The presence of Pax8 founder John Street as an LP is significant. Pax8 is a cloud commerce marketplace that sits at the center of the MSP ecosystem, giving Street visibility into which software products MSPs actually buy and deploy. His participation signals that the fund’s thesis aligns with the purchasing patterns of a large MSP network. Other undisclosed family offices from the US and Canada add geographic diversification to the LP base.
“Our LP base is not just capital, it’s a flywheel of operators, founders, and industry leaders helping the next generation of MSP software companies scale faster and smarter.”
The quote, from managing partner Joel Abramson, captures the structural advantage. When LPs are also potential customers, reference checks, pilot programs, and early revenue become easier to secure. That shortens the time from product launch to first dollar, a critical metric for early-stage enterprise software startups.
Founders Fund I has already produced an exit. zofiQ, a Toronto-based agentic AI company for MSPs, was acquired by ConnectWise, a major US IT management software platform. The deal returned 5.3 times Top Down’s initial investment.
ConnectWise is a dominant player in the MSP software market, offering professional services automation, remote monitoring, and cybersecurity tools. Its acquisition of zofiQ shows that established platforms are actively seeking AI capabilities to bolt onto their existing suites. For other startups in the Top Down portfolio, the exit provides a valuation benchmark and a proof point that strategic acquirers will pay up for AI-native MSP tools.

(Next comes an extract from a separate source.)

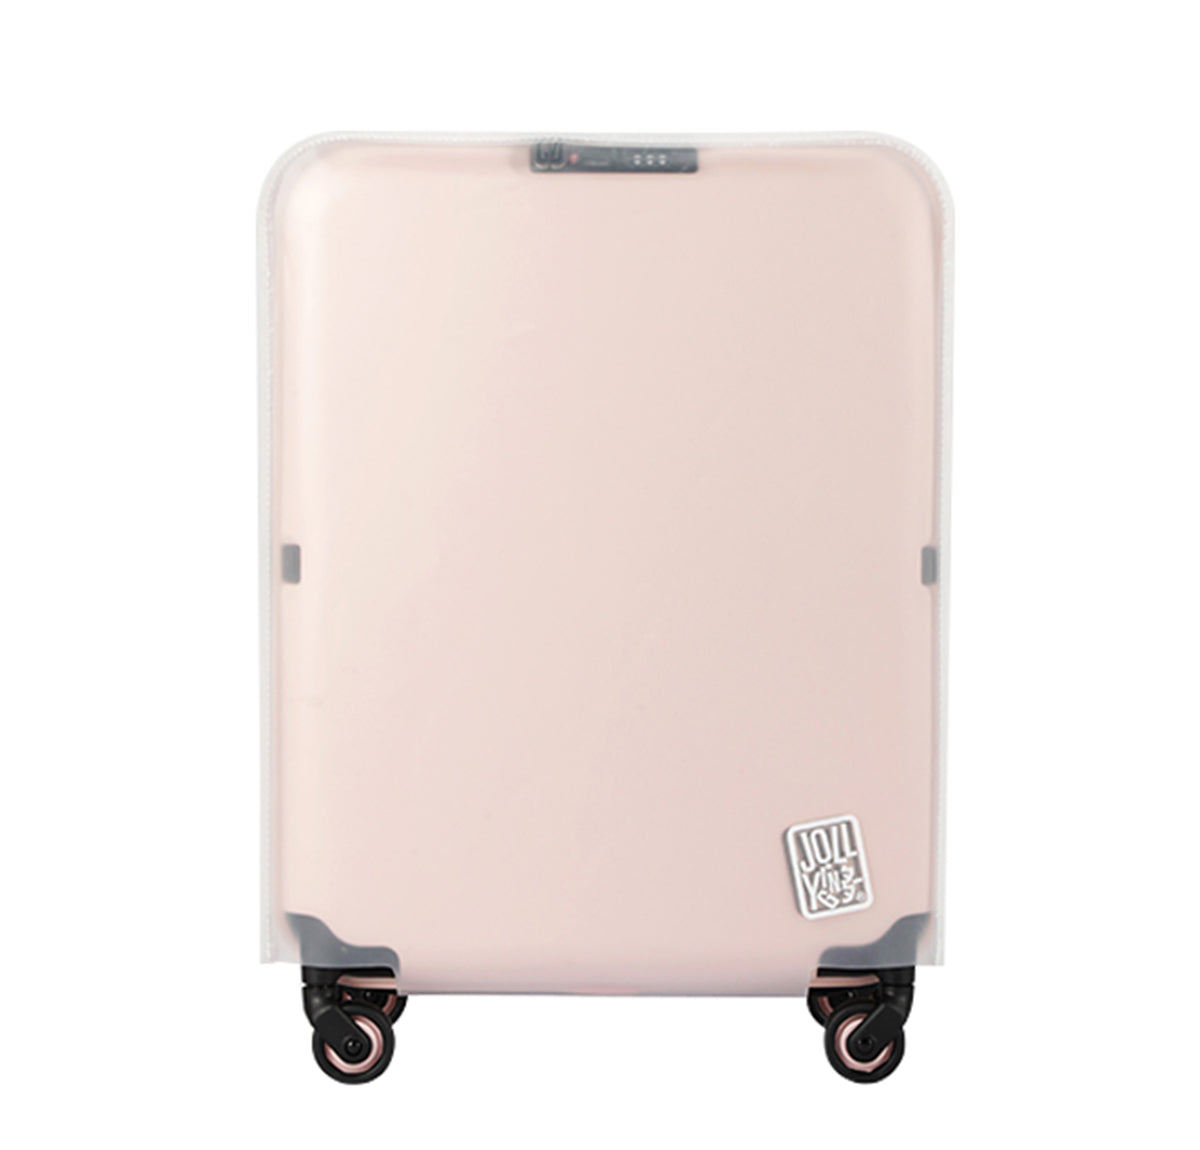 PEBBLE Luggage waterproof cover

A 5.3x return on a seed-stage investment in a short holding period is a strong outcome, particularly in a sector that has not historically attracted venture-scale exits. The multiple suggests that strategic buyers see urgency in adding AI functionality before competitors do. That dynamic could accelerate M&A activity across the MSP software landscape, compressing holding periods for early investors and raising the floor on pre-money valuations for the next cohort of startups.

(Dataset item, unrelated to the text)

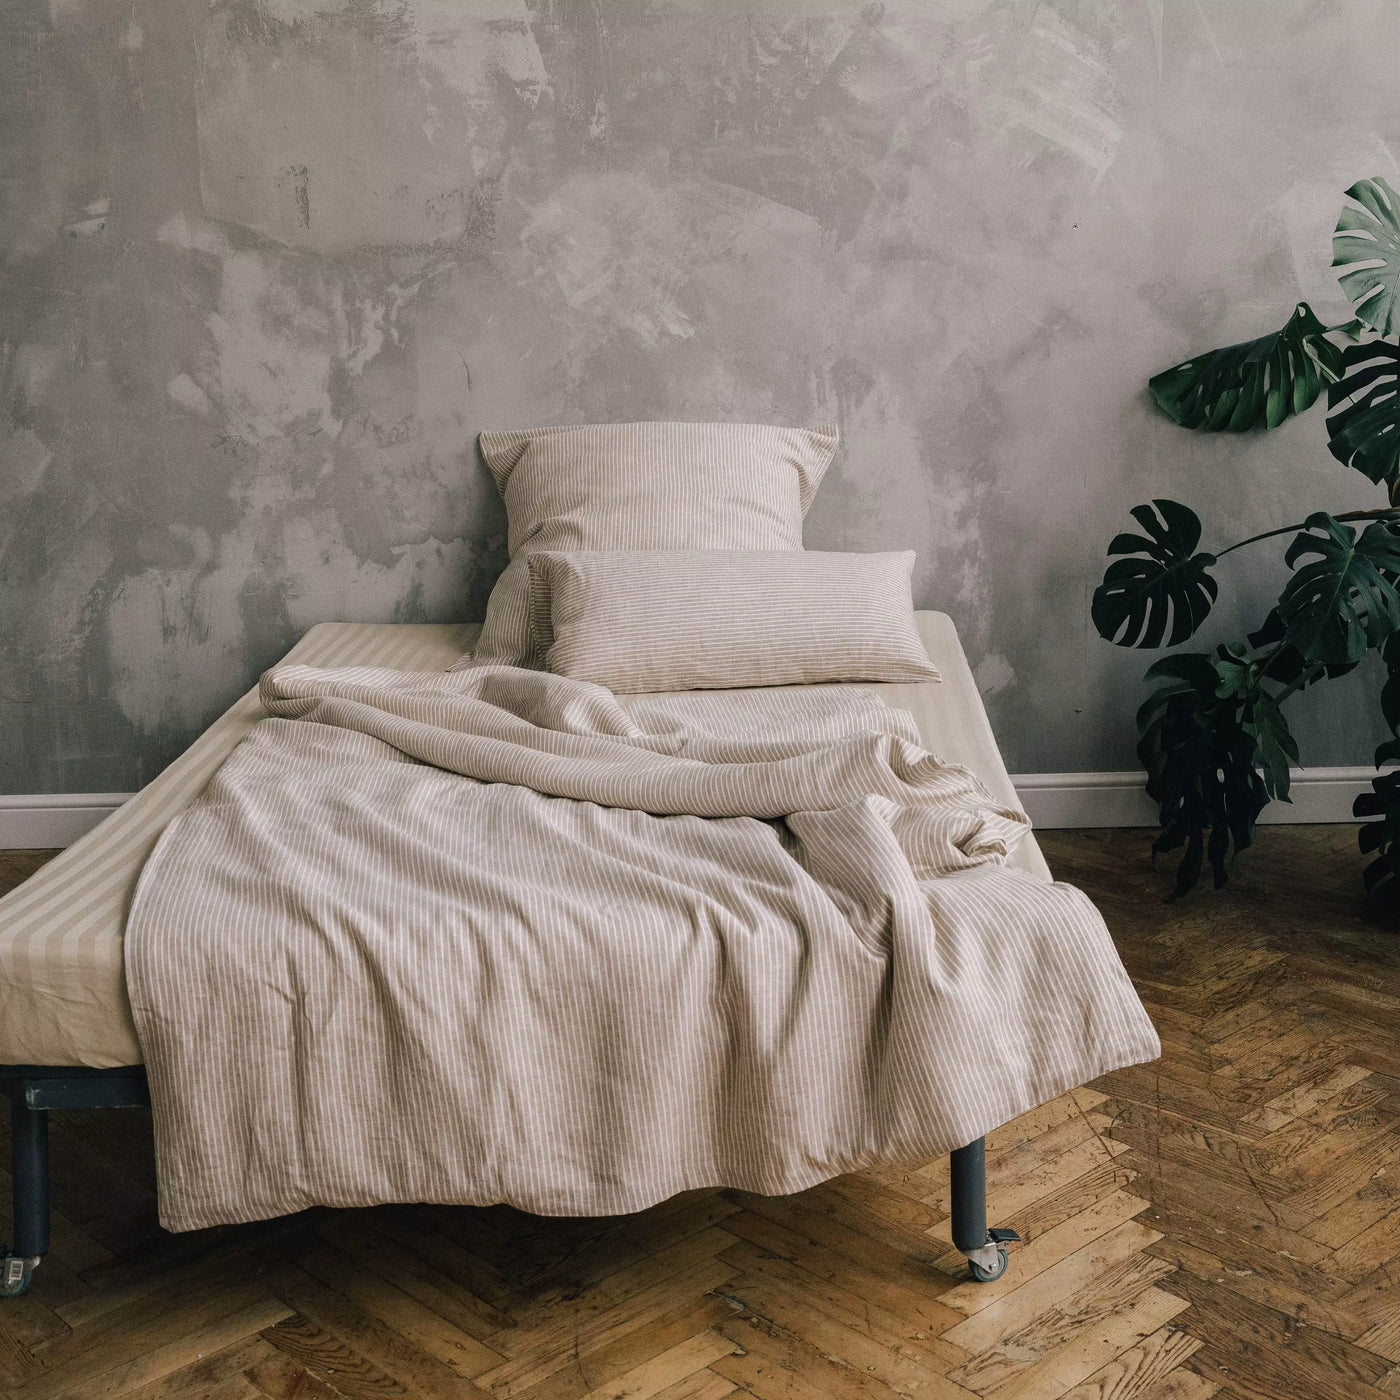 Acquista il set di biancheria da letto in puro lino 135x200 in bianco con righe marroni

The close of Founders Fund I is a single data point. Taken alongside the zofiQ exit and the operator-heavy LP base, it forms a pattern that has implications beyond the private market.
Dedicated capital for MSP software startups means more companies will build AI tools specifically for the managed services workflow. That accelerates the adoption curve for MSPs, which in turn pulls AI deeper into the SMB technology stack. The readthrough is that SMBs will gain access to AI capabilities–automated threat response, predictive maintenance, intelligent ticket routing–that were previously available only to enterprises with large internal IT teams.
Legacy MSP software providers now face a choice: build AI capabilities in-house or acquire them. ConnectWise chose acquisition. Other platforms, including private equity-backed rollups, may follow. That could create a seller’s market for AI-native MSP startups, benefiting funds like Top Down that got in early. For public market investors, the direct exposure is limited because most MSP software companies are private. The indirect exposure runs through cloud providers and semiconductor companies that supply the infrastructure for AI workloads, though that link is several steps removed.
The next concrete marker is whether other VC firms raise dedicated MSP software funds or allocate more from existing vehicles. A follow-on fund from Top Down, or a similar vehicle from another manager, would confirm that the category is institutionalizing. Additional exits at strong multiples would validate the 5.3x benchmark. On the downside, a slowdown in MSP IT spending or a pullback in AI hype could stretch holding periods and pressure valuations. For now, the signal from Vancouver is that the invisible infrastructure is becoming visible to institutional capital.